Synthetic graphite is a manufactured product made by high-temperature treatment of amorphous carbon materials. In the United States, the primary feedstock used for making synthetic graphite is calcined petroleum coke and coal tar pitch, both of which are composed of highly graphitizable forms of carbon.
The manufacturing process consists of various mixing, molding, and baking operations followed by heat-treating to temperatures between 2500 C and 3000 C. The ultra high heat treatment temperature is required to drive the solid/solid, amorphous carbon-to-graphite phase transformation. The morphology of most synthetic graphite varies from flakey in fine powders to irregular grains and needles in coarser products.
Synthetic graphite is processed at ultra high temperatures, and impurities contained in the precursor carbons are significantly reduced in concentration during processing. This occurs as a result of the high temperature vaporization of volatile impurities, which at the process temperatures utilized includes most metal oxides, sulfur, nitrogen, hydrogen, and all organic components that were part of the original petroleum or coal tar pitch.

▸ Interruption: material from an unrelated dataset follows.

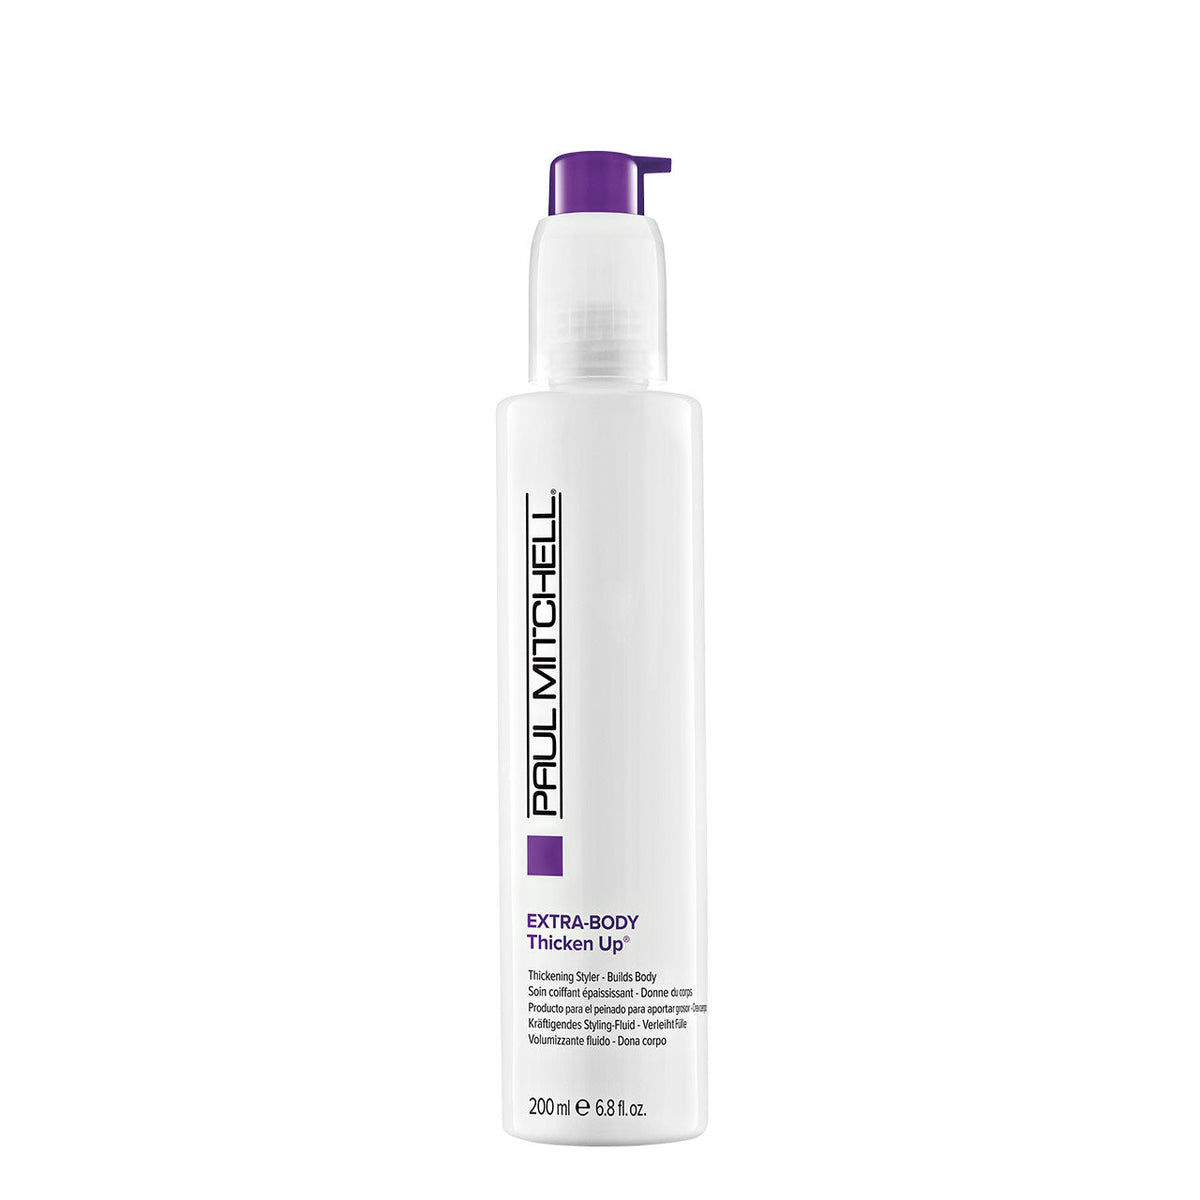 Extra-Body Thicken Up Styling Liquid - by Paul Mitchell |ProCare Outlet|

As a result of this thermal treatment, virtually all synthetic graphite products are high purity. Synthetic graphite is available in particle sizes from 2-micrometer powders to 2 cm pieces. Purities are typically 99+% carbon. Synthetic graphite is used in many applications including but not limited to friction, foundry, electrical carbons, fuel cell bi-polar plates, coatings, electrolytic processes, corrosion products, conductive fillers, rubber and plastic compounds, and drilling applications.